Simulations execute your policy code with a specific role’s context injected, so you can see exactly what decision the policy makes for each user type.

How It Works

  1. Go to the Simulate tab
  2. Select one or more roles from the role list
  3. Configure an evaluation scenario (prompt, provider, model, parameters)
  4. Click Run Simulation
The simulator calls simulateWithRole() for each selected role. Your policy’s evaluate() function receives a context object containing the role: 
{
  role: {
    id: "admin",
    name: "Administrator",
    permissions: ["read", "write", "delete", "approve", "manage_users"],
    attributes: { department: "IT", clearanceLevel: "high", canAccessPII: true },
    metadata: { ... }
  },
  user: {
    id: "sim-user-admin",
    attributes: { department: "IT", clearanceLevel: "high", canAccessPII: true }
  },
  environment: {
    timestamp: "2026-03-15T10:30:00Z",
    simulation: true
  }
}

3. Comparing Role Results

The Compare tab shows simulation results side-by-side and highlights where roles produce different outcomes.
DimensionFlagged When
DecisionOne role gets ALLOW, another gets DENY
ReasonThe policy returns different reason strings
Execution TimeDifference exceeds 100ms between roles

4. Importing and Exporting Roles

Role definitions can be shared across workspaces or teams using JSON import/export.

Exporting Roles

Click the Export button in the simulator header.
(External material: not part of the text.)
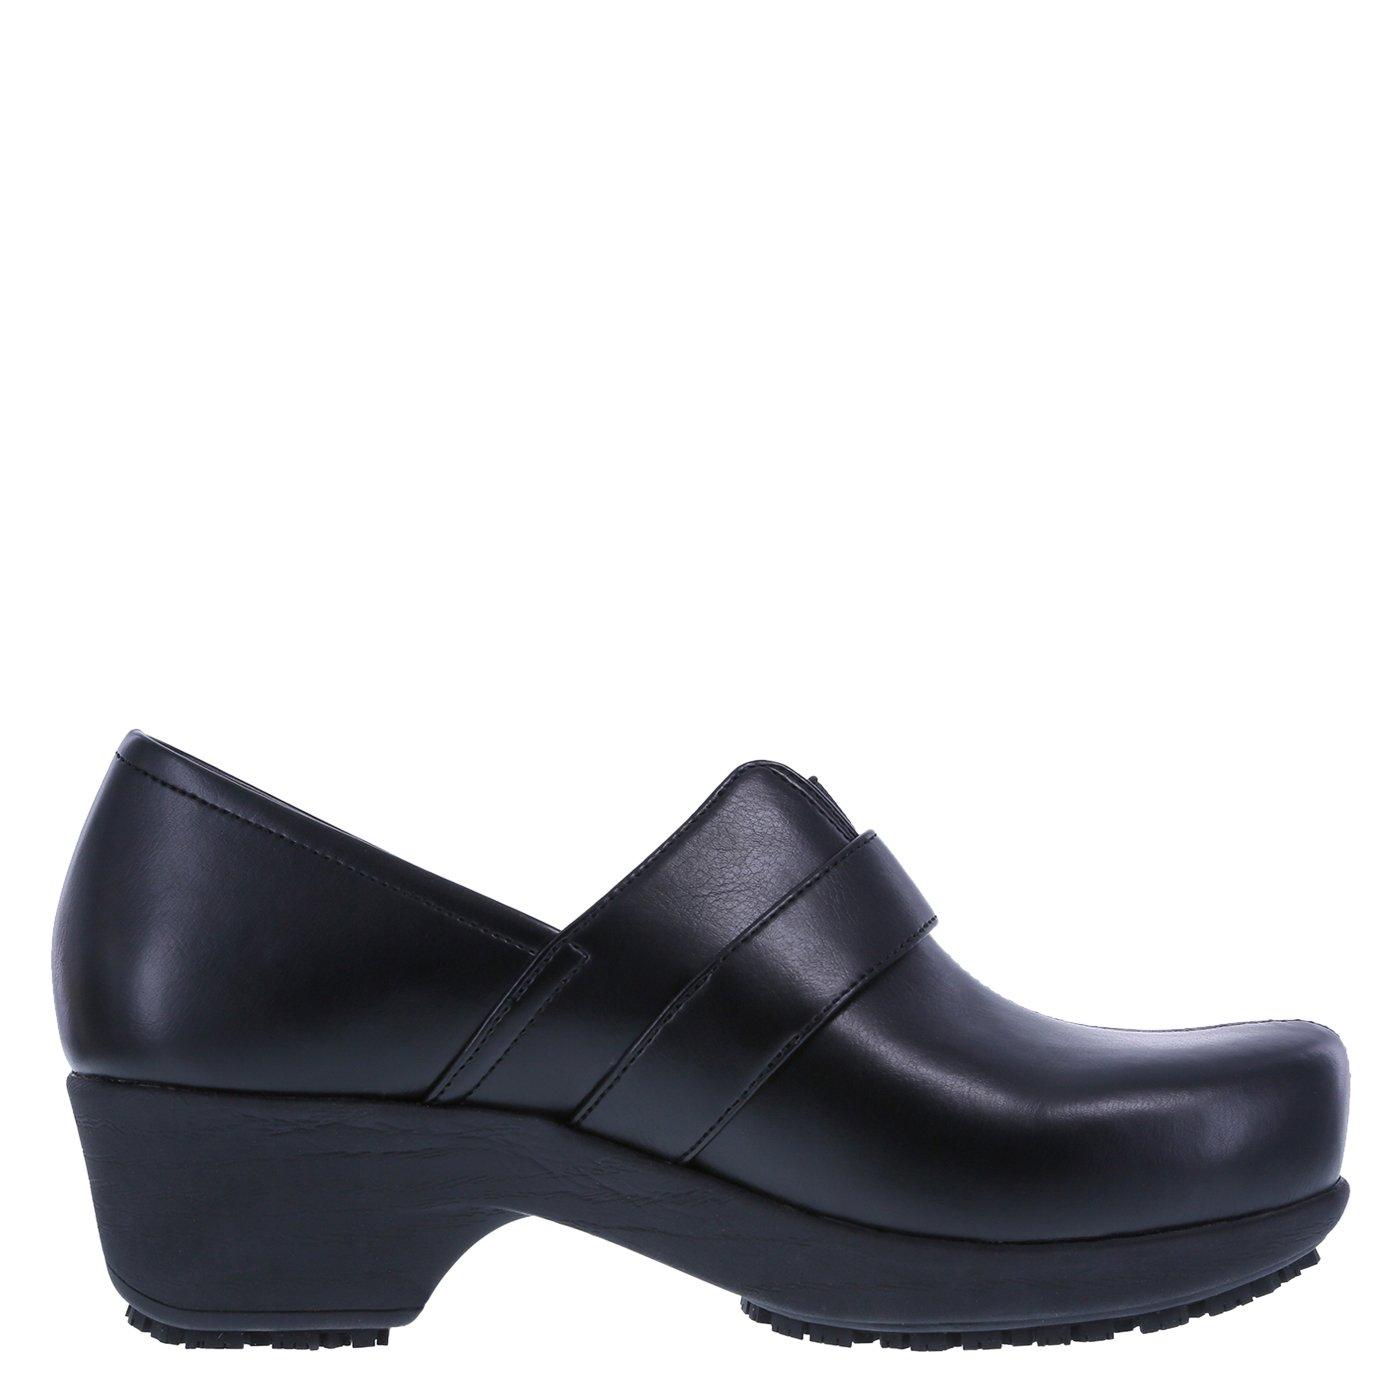 safeTstep Slip Resistant Women's Black Women's Buckle Gretchen Clog 8.5 Regular by safeTstep (Image #2)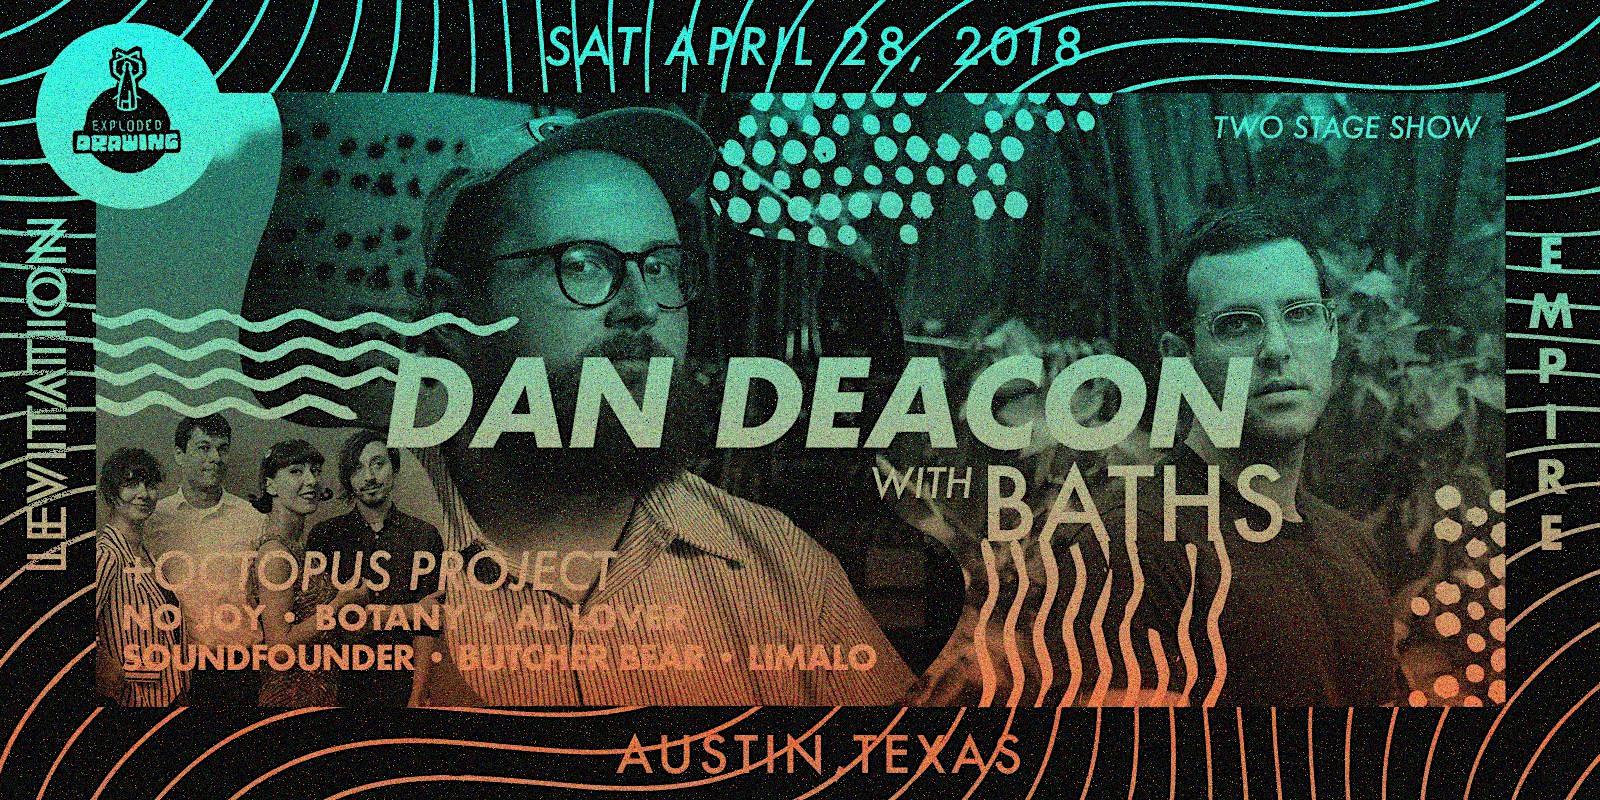 Dan Deacon, Baths, Octopus Project, No Joy, Botany, Al Lover + more

All roles are exported as a JSON file.

Importing Roles

Click the Import button, select a JSON file, and the simulator validates each role’s structure before adding them.

5. Examples

Example 1: PII Access Control Policy

function evaluate(context, scenario) {
  const containsPII = scenario.parameters.containsPII || false;

  if (containsPII && !context.role.attributes.canAccessPII) {
    return {
      allowed: false,
      reason: `Role "${context.role.name}" does not have PII access`,
      metadata: { blockedField: 'canAccessPII' }
    };
  }

  return { allowed: true, reason: 'Access granted', metadata: {} };
}
RoleDecisionReason
AdministratorALLOWAccess granted
Standard UserDENYRole “Standard User” does not have PII access
GuestDENYRole “Guest” does not have PII access

Example 2: Permission-Based Write Guard

function evaluate(context, scenario) {
  if (!context.role.permissions.includes('write')) {
    return {
      allowed: false,
      reason: `Role "${context.role.name}" lacks write permission`,
      metadata: { requiredPermission: 'write' }
    };
  }
  return { allowed: true, reason: 'Write access confirmed', metadata: {} };
}

Example 3: Clearance-Level Gating

function evaluate(context, scenario) {
  const sensitiveModels = ['gpt-4', 'claude-3-opus'];
  const requiredLevel = 5;

  if (sensitiveModels.includes(scenario.model) && context.role.metadata.level < requiredLevel) {
    return {
      allowed: false,
      reason: `Level ${context.role.metadata.level} insufficient for ${scenario.model} (requires ${requiredLevel})`,
      metadata: { requiredLevel, actualLevel: context.role.metadata.level }
    };
  }
  return { allowed: true, reason: 'Model access granted', metadata: {} };
}

6. Tips and Best Practices

  • Start with the built-in roles. Admin, User, and Guest cover the most common access patterns.
  • Use attributes for business logic. Permissions control actions; attributes let policies make context-aware decisions.
  • Test edge cases. Create a role with zero permissions to verify graceful handling.
  • Export roles to version control. Keep role definitions alongside policies for CI/CD testing.
  • Check the simulation: true flag. Use it to skip side effects during test runs.
  • Compare after every policy change. Run a quick simulation across all roles to catch unintended access changes.